Jody Fannin (born 4 September 1993) is a British auto racing driver. He competed in the European Le Mans Series in 2017, winning the GTE Championship with Rob Smith driving for JMW Motorsport in a Ferrari 488 GTE. He was the 2012 British GT GT4-class champion, along with Warren Hughes, driving for Team WFR in a Ginetta G50.

Racing career

Early career
Born in Chertsey, Surrey, Fannin first appeared in karting in 2006, competing in the Bayford Kart Club Summer Sprint Championship Minimax, and finishing sixth, moving to the Stars of Tomorrow National Championship in 2007, to compete in the Rotax Mini Max class, finishing 32nd after competing in 2 rounds. 2008 would prove to be more successful: he won both Bayford Meadows Winter Championship and the Midland Championships Minimax, finished fifth in the London Cup's Rotax Mini Max class, and finished tenth in the BRDC Stars of Tomorrow MiniMax championship. He also finished ninth in the Super One Minimax in 2009, in addition to a 19th-place finish in the Mini Max class of the MSA Kartmasters Grand Prix. For 2010, he moved into car racing, joining the Ginetta Junior Championship with TJ Motorsport, where he immediately proved his pace: he set fastest lap at round 1 at Thruxton, then went on to win the third round of the season at the Brands Hatch GP circuit, eventually finishing fourth overall, and was the top rookie in the series by a large margin. Following that successful debut season, he moved into the Ginetta G50 Cup, driving for Team PYRO, and finishing third overall.

2012–2013
For 2012, he made the move to the British GT series, driving a GT4-class Ginetta G50, but now for Team WFR, partnering the much more experienced Warren Hughes. The partnership was successful right from the start, as the duo won the first two events of the season, both held at Oulton Park. Fannin and Hughes went into the penultimate round of the season, held at Silverstone, only needing a fourth-place finish to take the title, and his win in that race sealed the title, even though he had only completed six laps of the track prior to the event. Fannin and Hughes would finish on 243.5 points, 84.5 points ahead of Zoë Wenham in second place, having won eight of the ten races that season. Following his championship victory, he entered the final three rounds of the Dutch GT Championship, still driving for Team WFR in the G50, held at Zandvoort Circuit. It proved to be a successful venture, with a fourth-place finish in the first sprint race, fourteenth (and last) in the second sprint race after a mechanical failure, and a second place in the third, and final, race of the weekend. He also entered the final round of the Blancpain Endurance Series, held at the Spanish Circuito de Navarra, driving a Ferrari 458 Italia GT3 entered by Scuderia Vittoria. It would not be a successful debut, as the team, with Fannin partnered for the race by David McDonald and Danny Candia, failing to finish, and retiring after 35 laps.
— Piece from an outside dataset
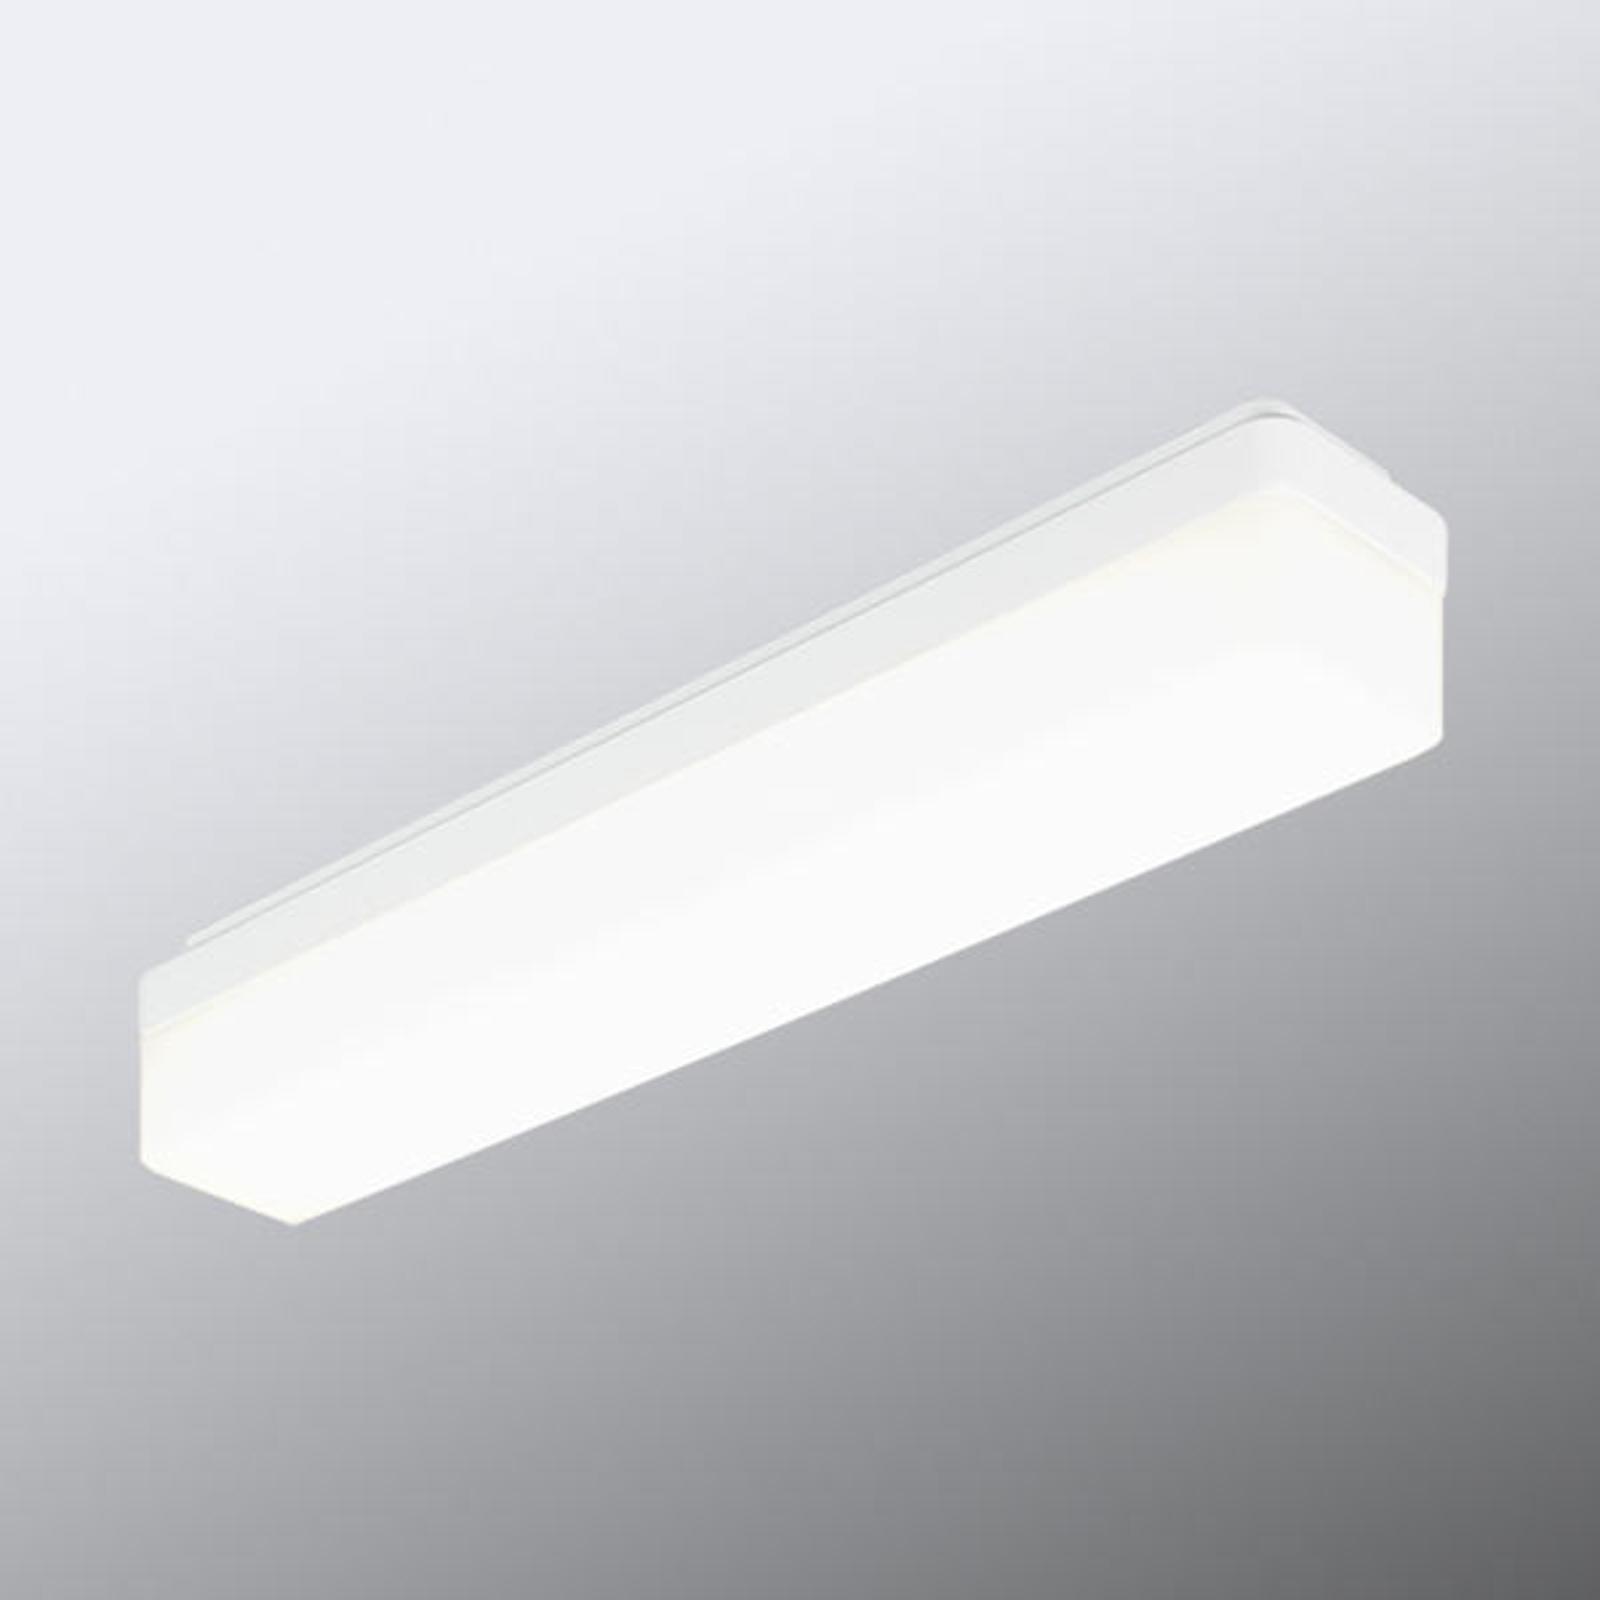 LED-seinävalaisin A70-W365 LED 1000 HF 14W 3000K

In 2013, following his BRDC Rising Star award, he made the step up to the GT3 class of the series, now driving for JRM Racing in their Nissan GT-R, signing in a last-minute deal to compete in the opening round of the season, driving solo, which incurred an additional 20-second pit stop penalty. He finished twelfth in race one, and eleventh in race two, both positions being outside of the points. In June, it was announced that he would race for JMB Racing in a Nissan GT-R GT3 at Paul Ricard and the Nürburgring in the Blancpain Endurance Series, driving alongside Nicolas Misslin and Nicolas Marroc. It would not prove to be a successful debut, however, as the trio retired after 22 laps, and were not classified. He returned to JRM Racing again for the 24 Hours of Spa, this time alongside Charles Bateman, Matt Bell and Humaid Al-Masaood, but brake issues dogged their race, and they were eventually forced to retire with a driveline problem, as the car stopped on track. Following this event, he competed in the Magny-Cours round of the GT Tour with Julien Briché, driving for JMB Racing. They retired from the first race, before finishing eleventh in the second. Fannin then partnered Steven Kane for JRM Racing in the Hockenheimring round of the ADAC GT Masters series, taking 18th in the first race, and 14th in the second. Fannin finished the season partnering Jean-Philippe Dayraut in the Paul Ricard round of the GT Tour, and, after narrowly missing out on pole, he was not classified in the first race after contact in the first corner, they took fourth in the second race. This result saw Fannin classified 23rd in the driver's championship.

2014–2016 

In 2014 he made a few one off appearances including a points finish in the Silverstone round of the Blancpain Endurance Series driving a Bentley Continental GT3 with James Appleby and Steve Tandy. He followed this up with a win and a second place in the Silverstone round of the International GT Open alongside Darren Turner in a TF Sport Aston Martin V12 Vantage GT3. After being selected for the Aston Martin Racing Young Driver Academy, he joined TF Sport for a full season of British GT in 2015 alongside Andrew Jarman in an  Aston Martin V12 Vantage GT3. They achieved 2 podiums and a pole position, finishing 7th in the championship. Jody joined Pete Littler for a part season of British GT in 2016, again in an  Aston Martin V12 Vantage GT3 and rounded off the year with a podium alongside Francesco Sini in the Barcelona round of the International GT Open with Italian Aston Martin Racing team, Solaris Motorsport.

2017 
Jody was selected as a full member of the BRDC and  joined JMW Racing for a full season of the European Le Mans Series, starting the season in the team's venerable Ferrari 458 Italia GTE alongside Rob Smith and Rory Butcher, achieving an emotional win in the seven year old car's final appearance at Monza against the newer spec 2017 GTE cars joined by Jonny Cocker who replaced Butcher for the round. The team will switch to a new Ferrari 488 GTE from the A1 Ring round. After a string of podiums, Jody along with Rob Smith were crowned European Le Mans Series GTE Champions in a chaotic race at Portimao in Portugal where a second place was enough to secure the title.

Racing record

Complete European Le Mans Series results
(key) (Races in bold indicate pole position; results in italics indicate fastest lap)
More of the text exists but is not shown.